ASSIGNMENT
All of the data below is to be repeated exactly, except for the pictures.

INFORMATION PROVIDED

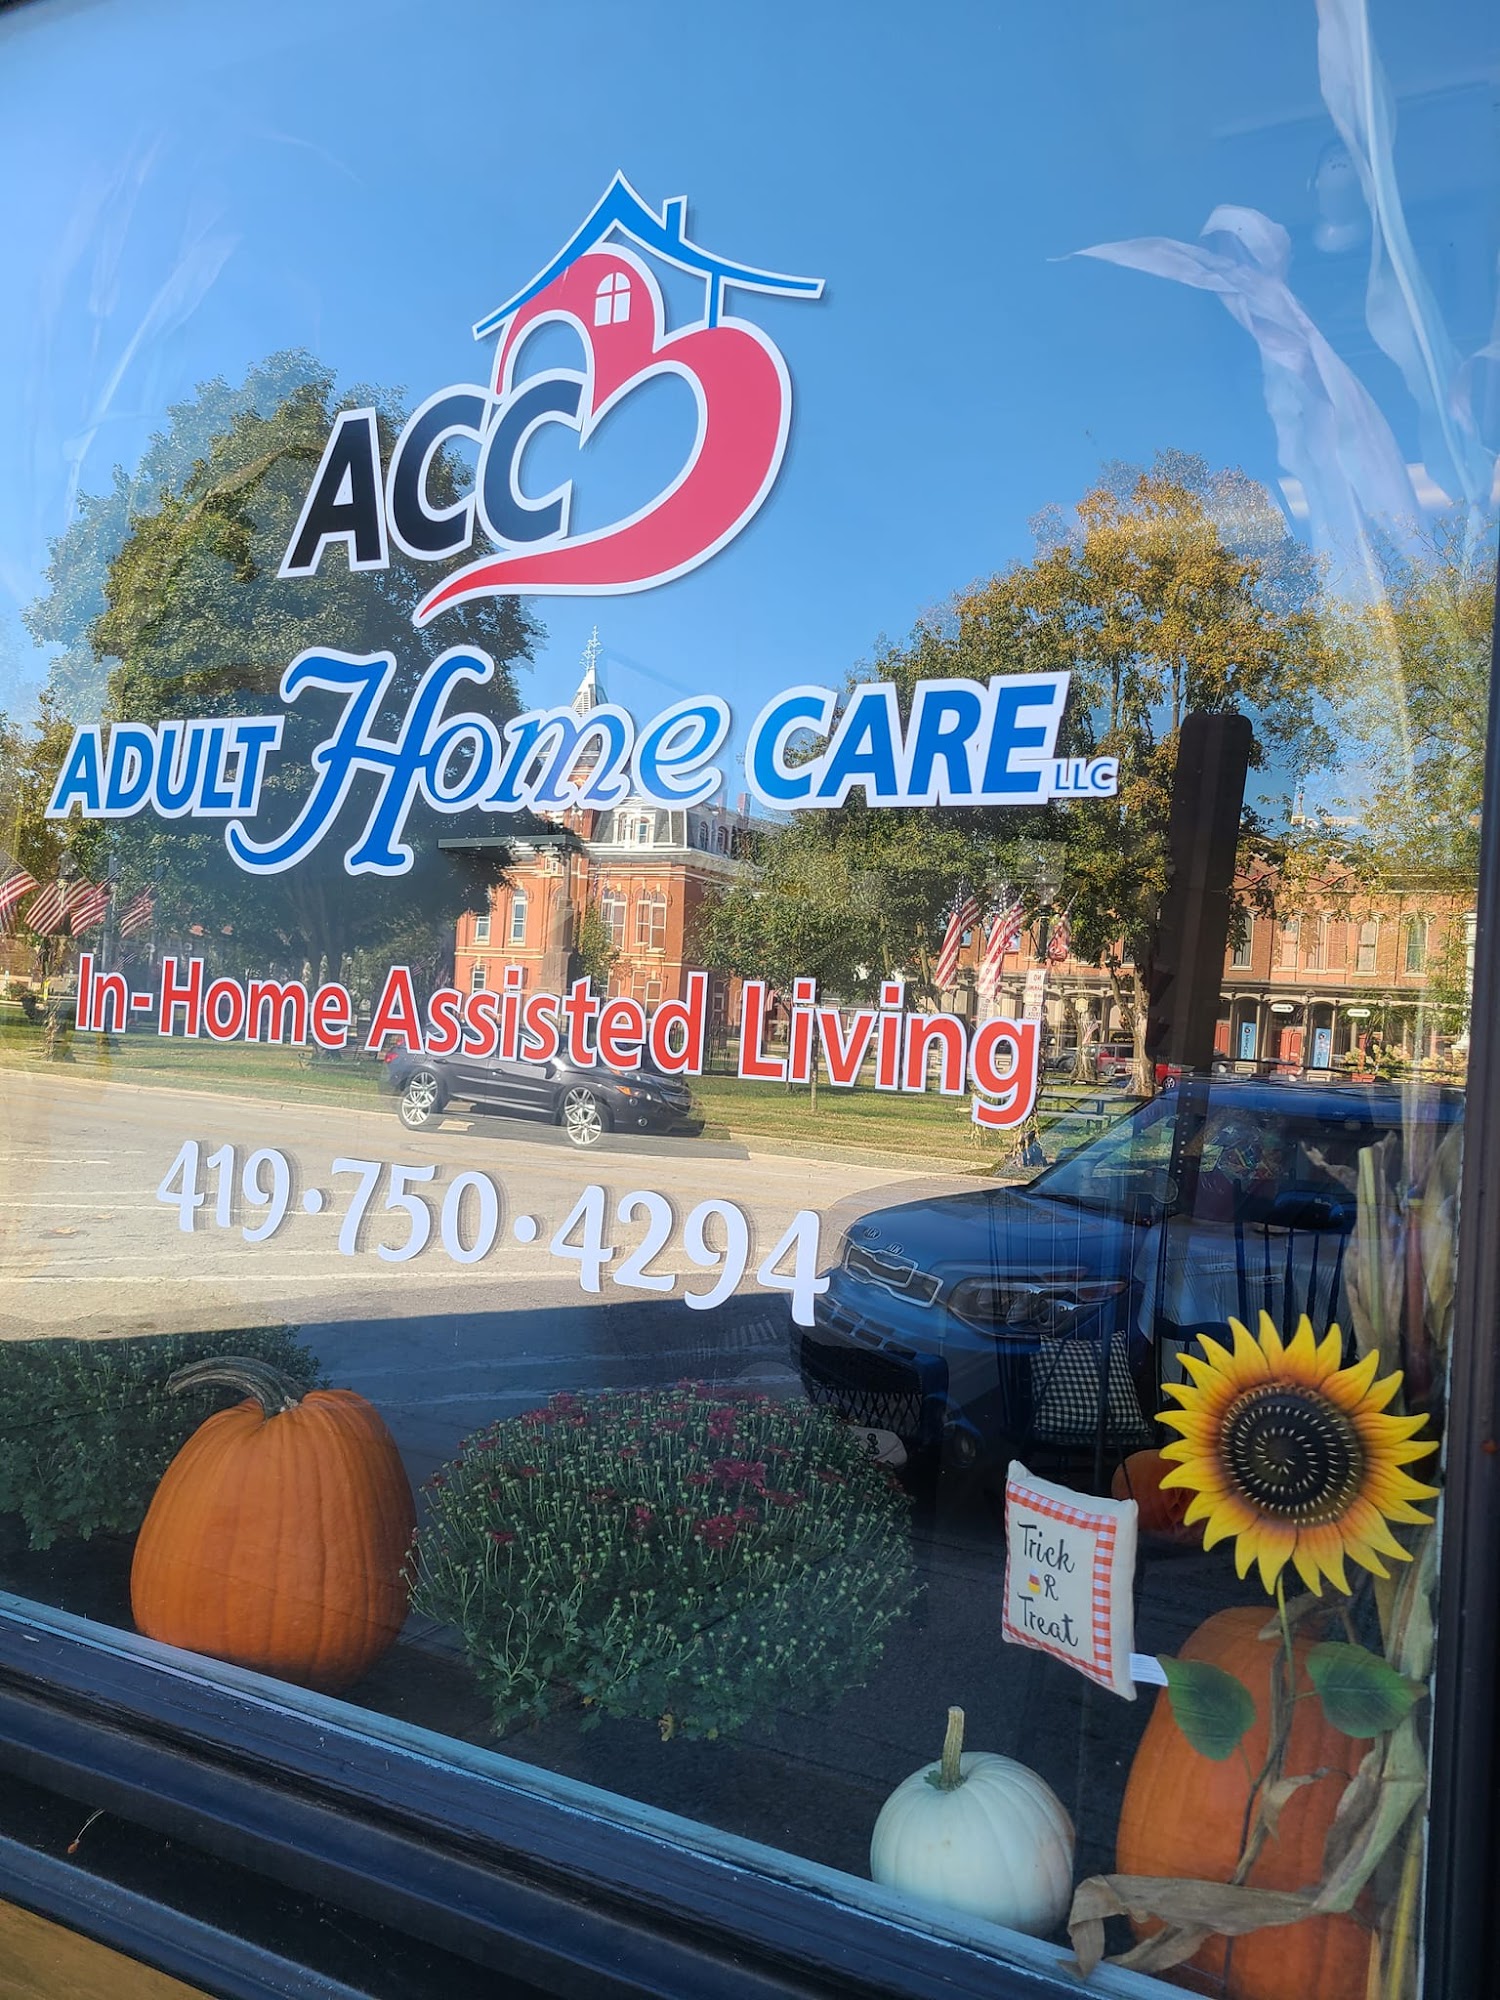 ACC Adult Home Care of Milan Ohio 3 N Main St, Milan Ohio 44846
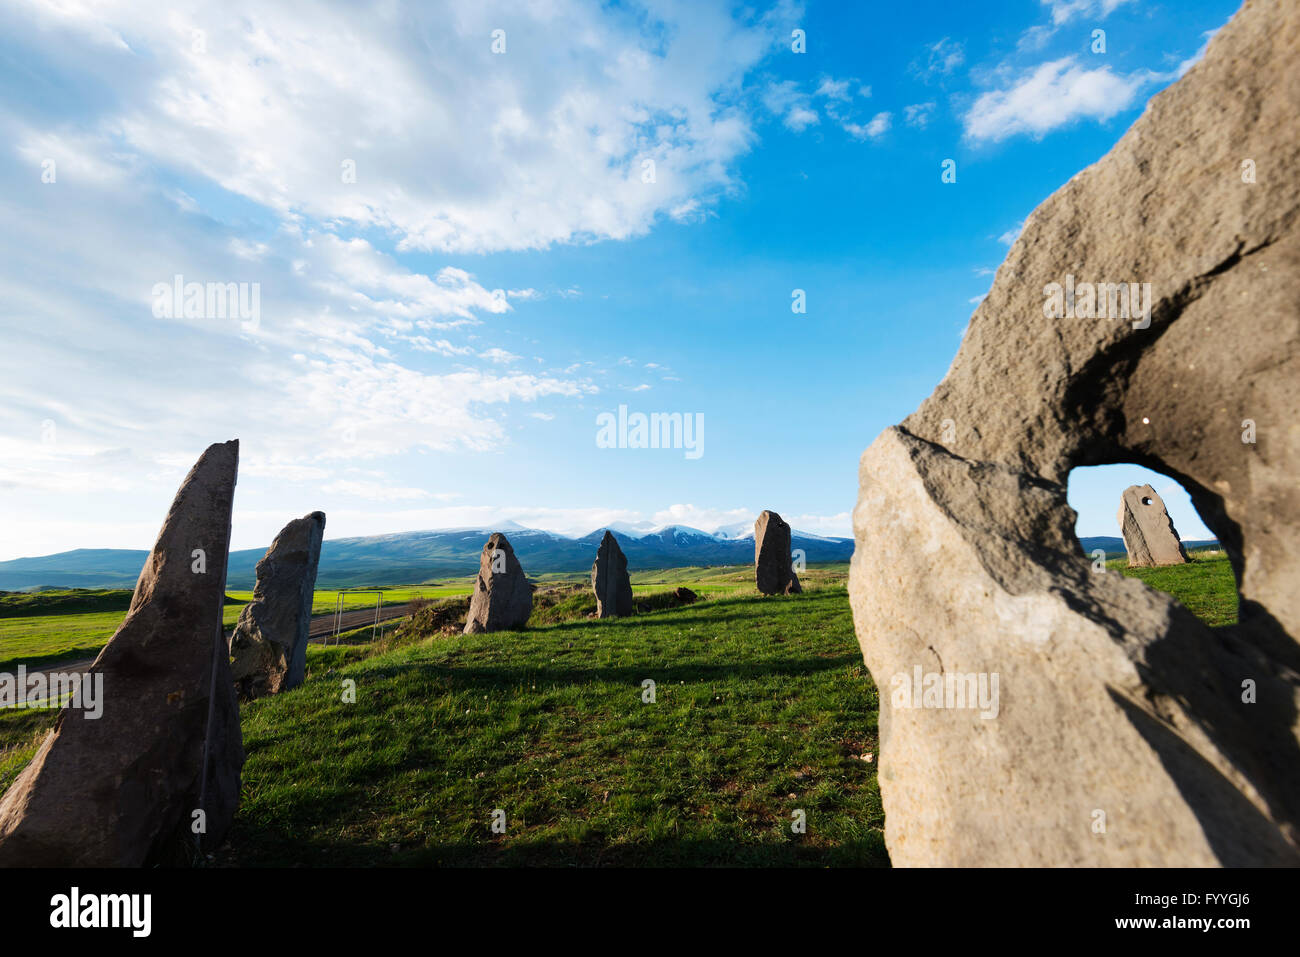 Eurasia, la regione del Caucaso meridionale, Armenia, provincia di Syunik, Karahunj Zorats Karer, archeologico preistorico 'stonehenge' sito Foto Stock
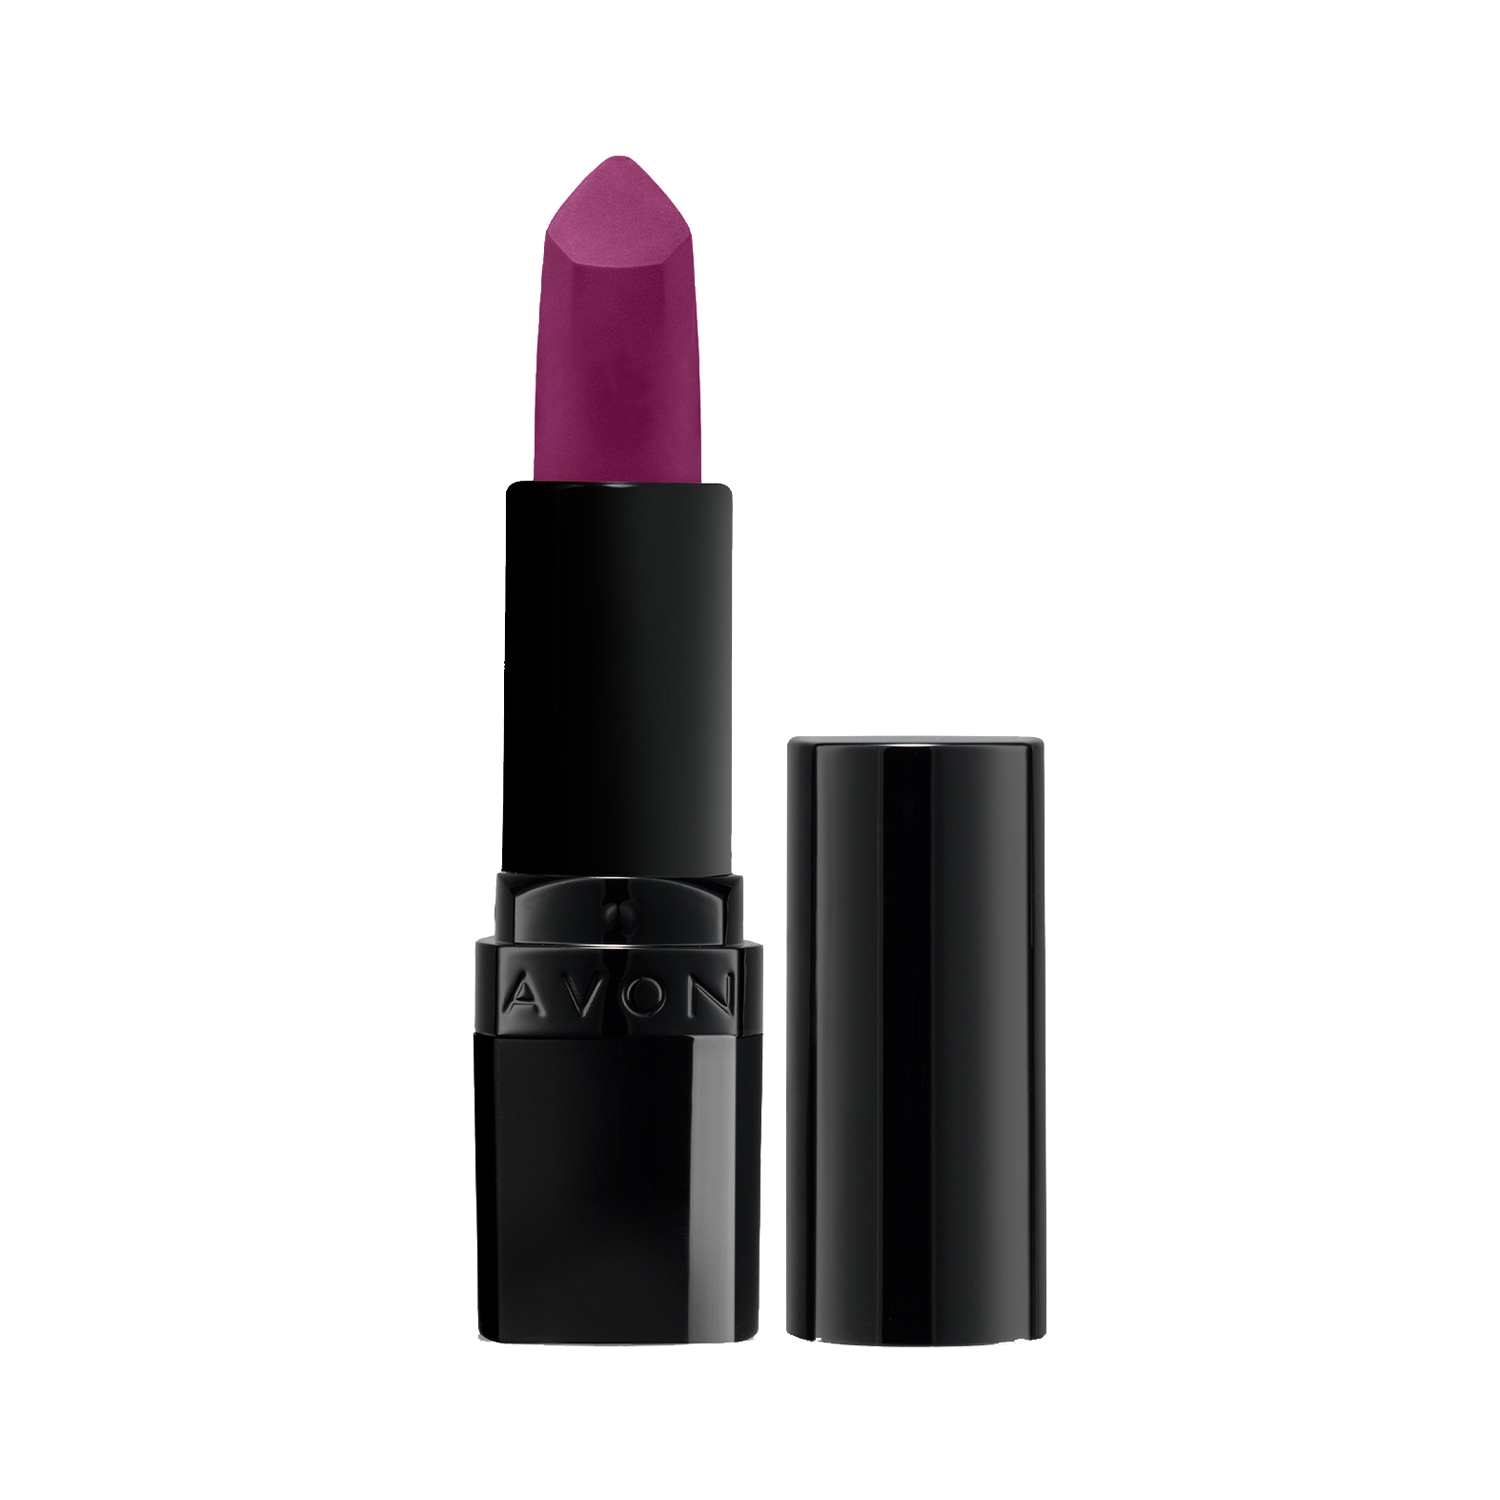 Avon | Avon Ultra Perfectly Matte Lipstick - Hot Plum (4g)
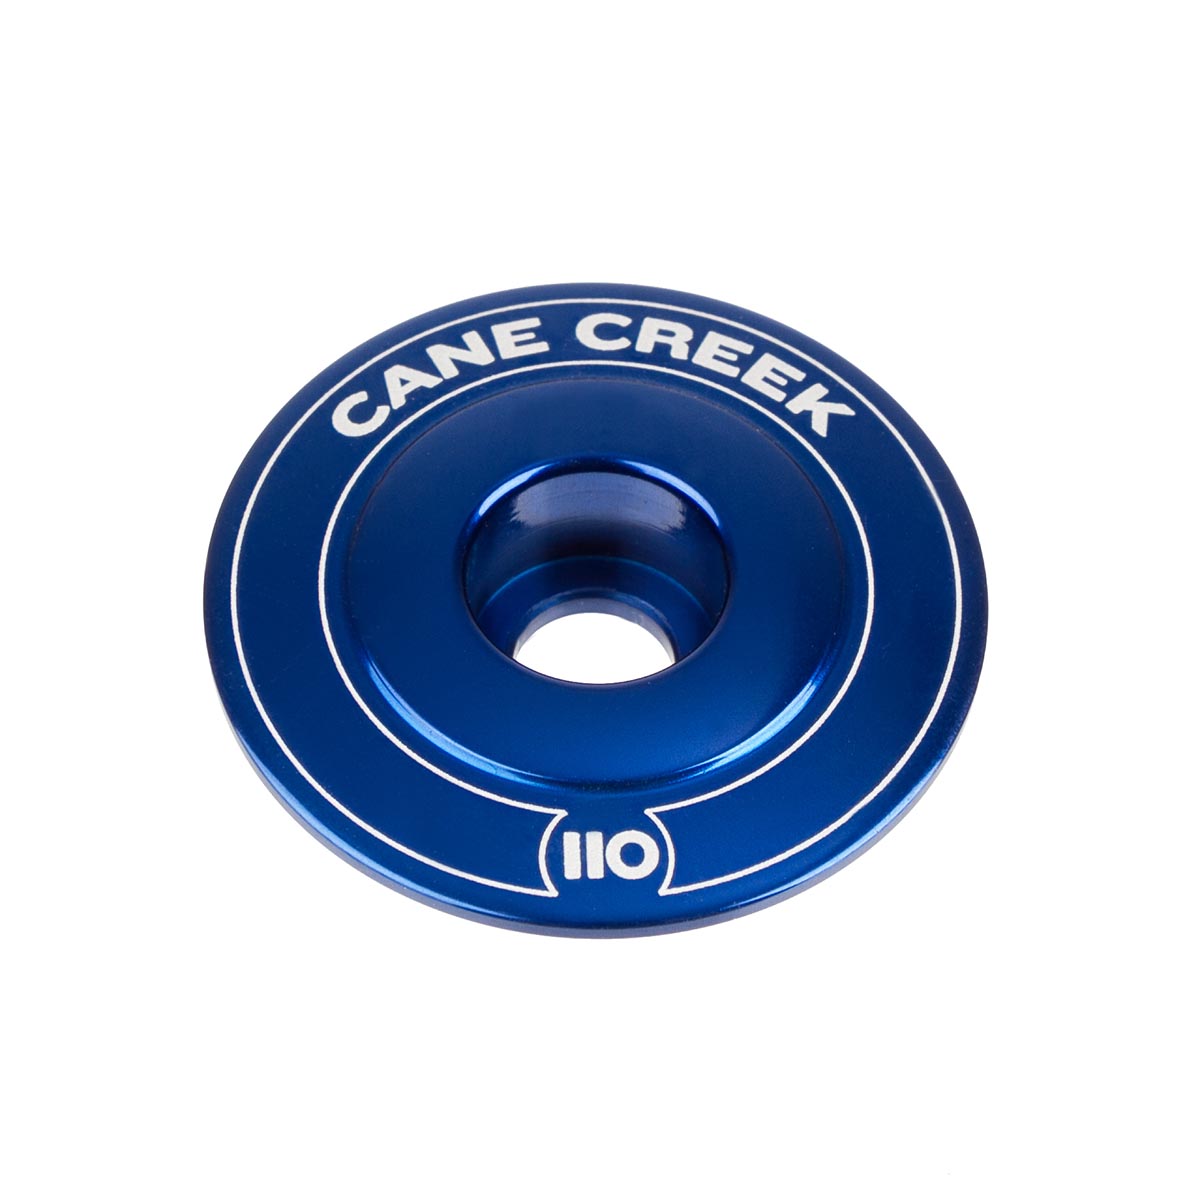 Cane Creek Ahead Cap 110 Blue, Aluminium, 1 1/8 Inches

RESPONSE TO THIS EXERCISE
 ACC Adult Home Care of Milan Ohio 3 N Main St, Milan Ohio 44846
 Eurasia, la regione del Caucaso meridionale, Armenia, provincia di Syunik, Karahunj Zorats Karer, archeologico preistorico 'stonehenge' sito Foto Stock
 Avon | Avon Ultra Perfectly Matte Lipstick - Hot Plum (4g)
 Cane Creek Ahead Cap 110 Blue, Aluminium, 1 1/8 Inches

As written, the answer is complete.